Услышав о появлении в Мокловодах интуриста (такое слово в то время было знакомо в селе одному лишь Прокопу Лядовскому), сапожник Никифор Пищаный, человек известных добродетелей, немногословный и светлый, к тому же одногодок с Федором Баглаем, с моим отцом и с тем оборотнем Якобом Нимальсом, не мог успокоиться: со всех сторон наплывали мысли, от которых мало кому удается отделаться до тех пор, пока рано или поздно не дашь им воли, не выскажешь их открыто и прямо.

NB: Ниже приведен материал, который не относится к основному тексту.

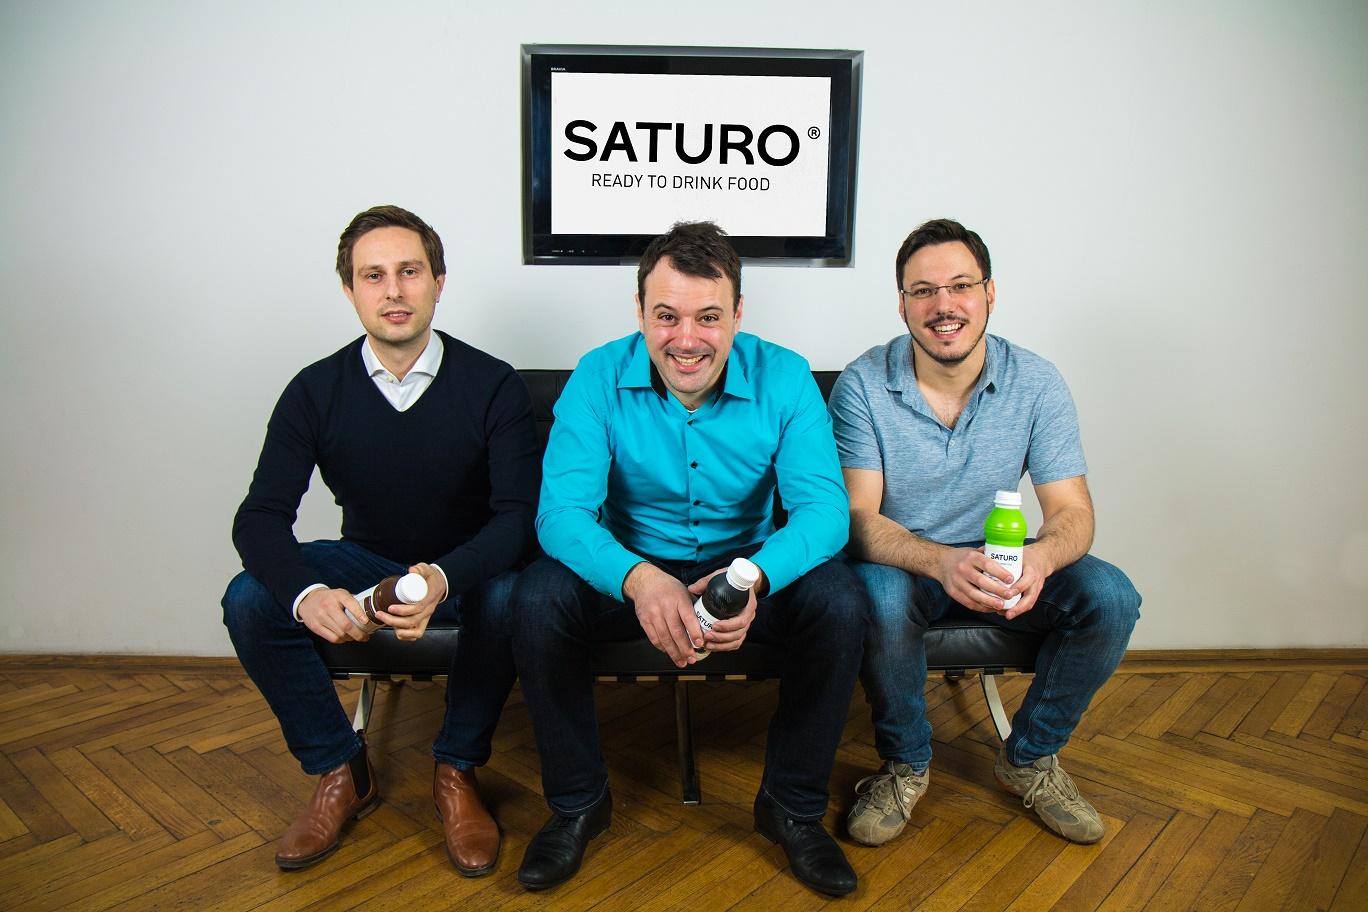 Zakladatelé startupu Saturo v čele s Hannesem Feistenauerem

Шум грозы за стеной и вовсе разволновал Никифора. Ему показалось — и не раз, не два, — что капли дождя бьют прямо в потрескавшиеся пятки и холодят их, щекочут. Вставать не хотелось, потому что руки еще не отошли от глины: накидался вчера, даже плечи распрямились. Бормоча что-то под нос, Никифор натягивал на себя рядно, то и дело сползавшее на пол. Натягивал, укрывался с головой, чтобы не слышать грозы за стеною, но старое вытертое рядно мало помогало.

Он еще немного полежал, прислушался… Где-то в углу под потолком раздражающе гудел комар, а рядом с кроватью мягко стучала об пол вода. Сначала капли падали словно бы нерешительно, с интервалами, но потом зачастили, иногда даже сливались в сплошную струйку, тянувшуюся живой ниткой от потолка до пола. Никифор открыл глаза, напряженно вглядываясь в потолок, но ничего не увидел, за окном была предрассветная тьма.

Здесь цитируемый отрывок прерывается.